→ **How to complete this task**
Output the listing word for word, minus images.

→ **Supplied data**
————————

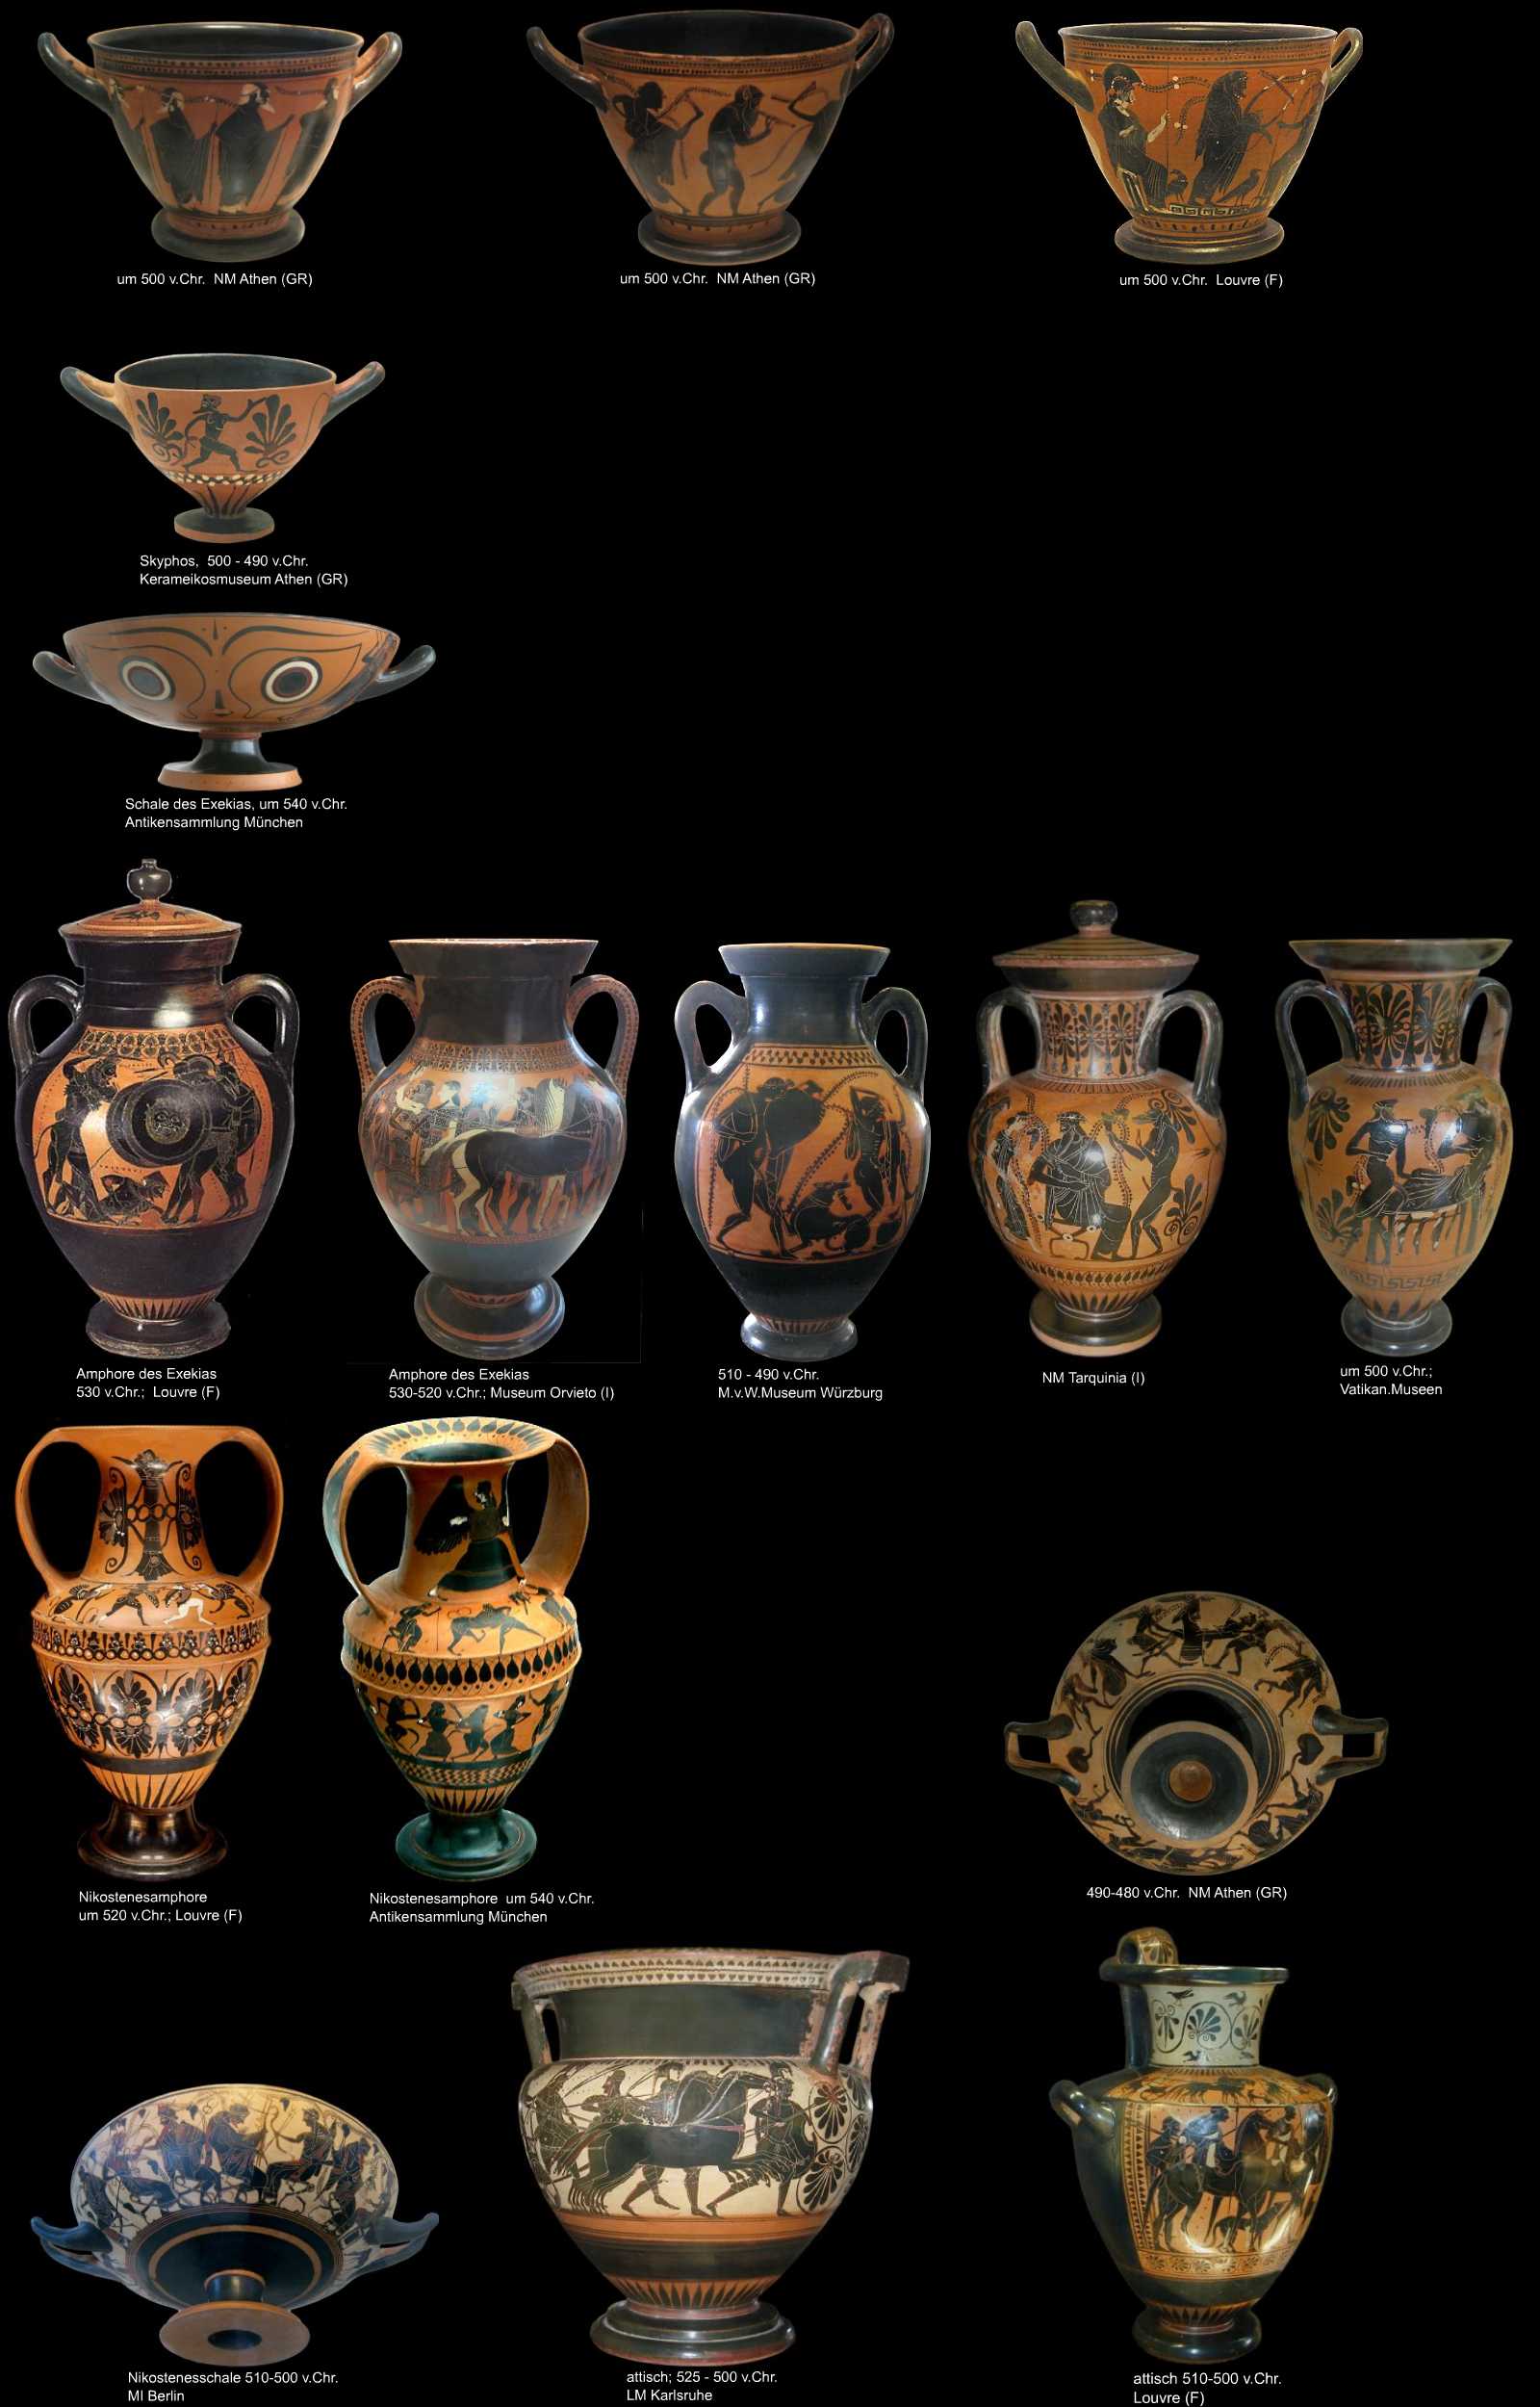 attische Keramik - schwarzfigurige Ware
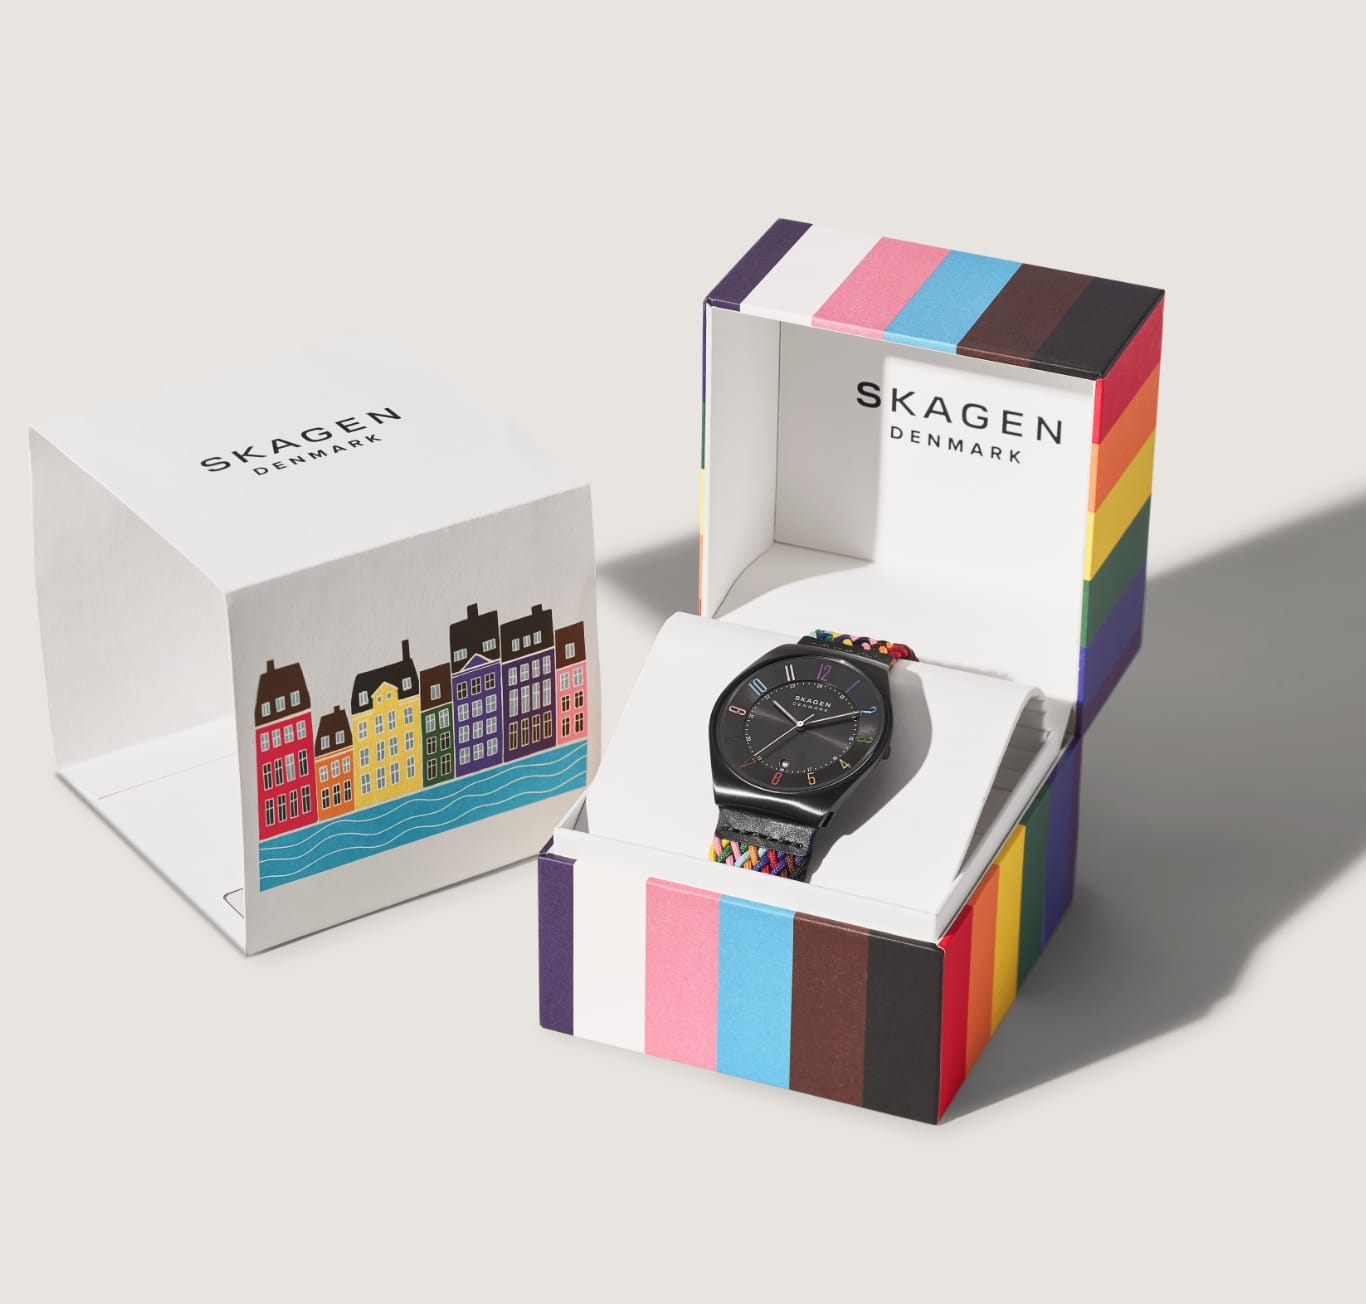 Image of Skagen watch packaging
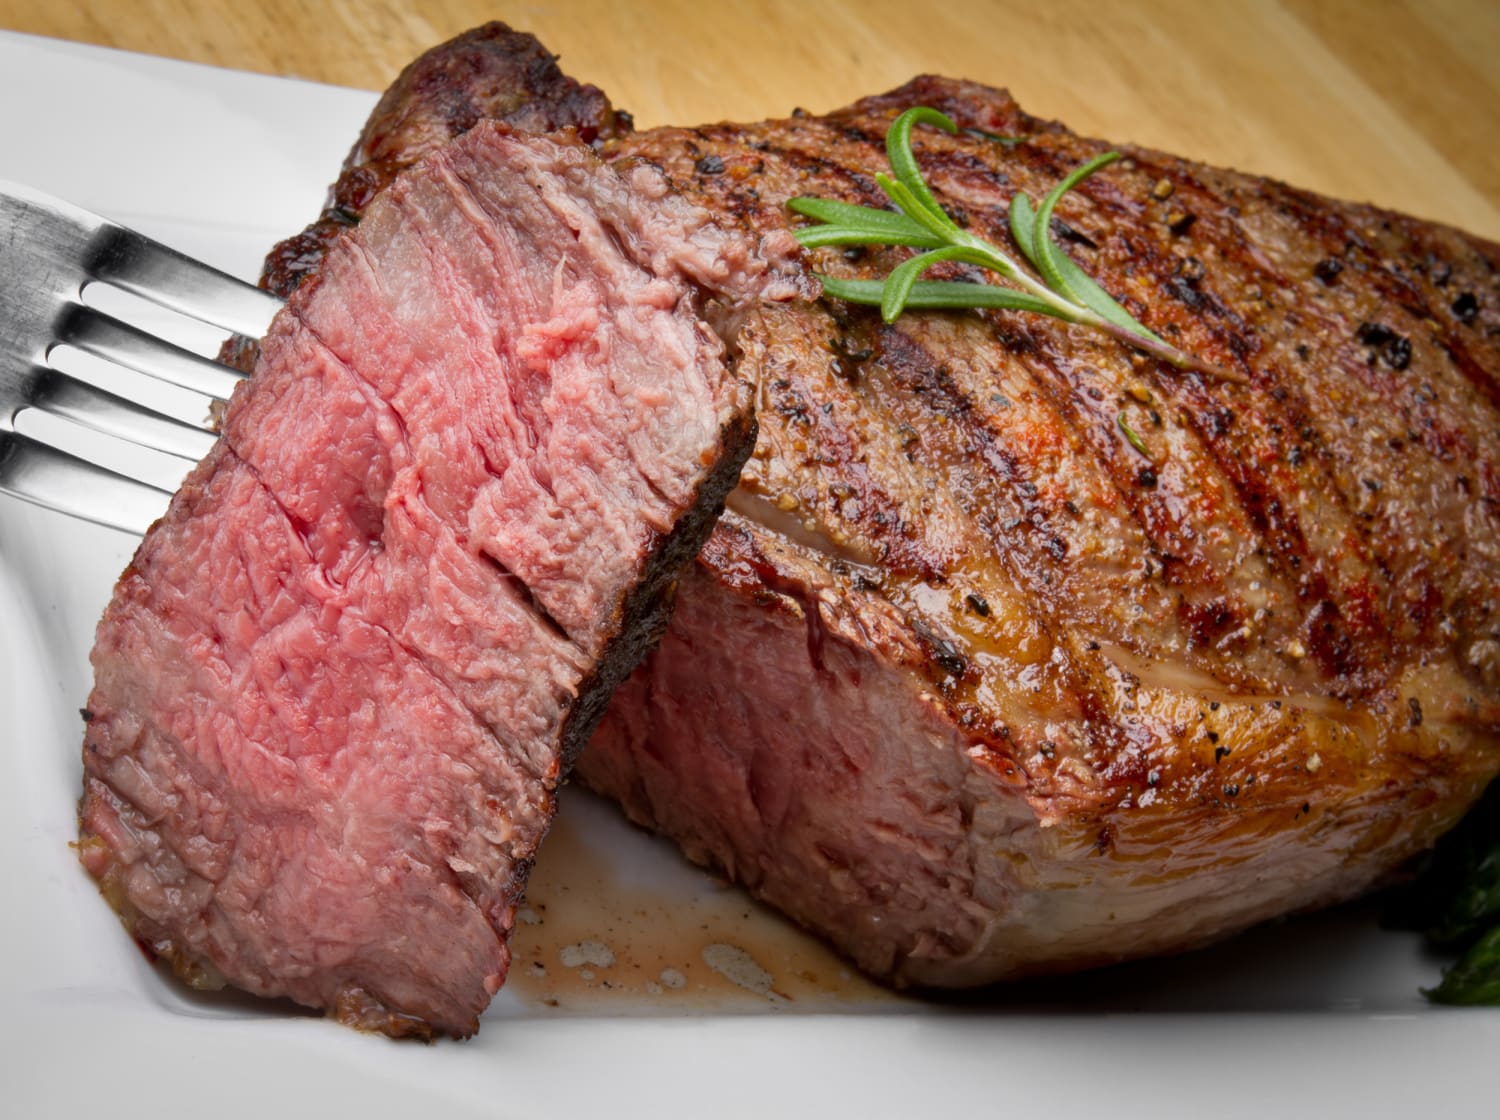 https://media-cldnry.s-nbcnews.com/image/upload/newscms/2020_04/1531868/cooking-steak-medium-rare-today-inline-200124.jpg
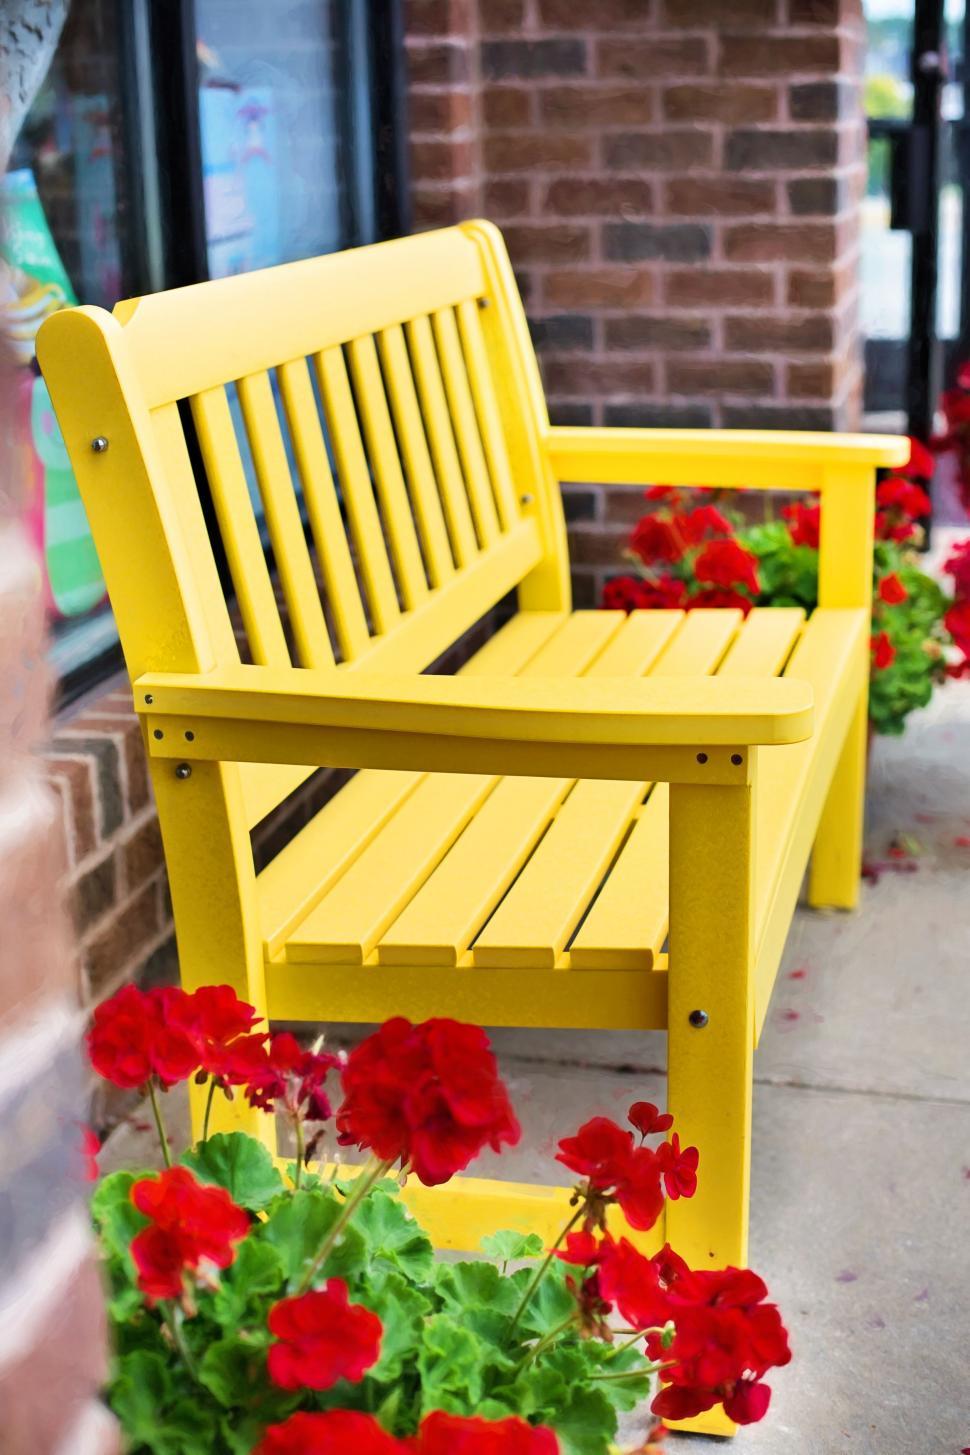 Free Image of Yellow Bench

————————

→ **Reply**
 attische Keramik - schwarzfigurige Ware
 Image of Skagen watch packaging
 https://media-cldnry.s-nbcnews.com/image/upload/newscms/2020_04/1531868/cooking-steak-medium-rare-today-inline-200124.jpg
 Free Image of Yellow Bench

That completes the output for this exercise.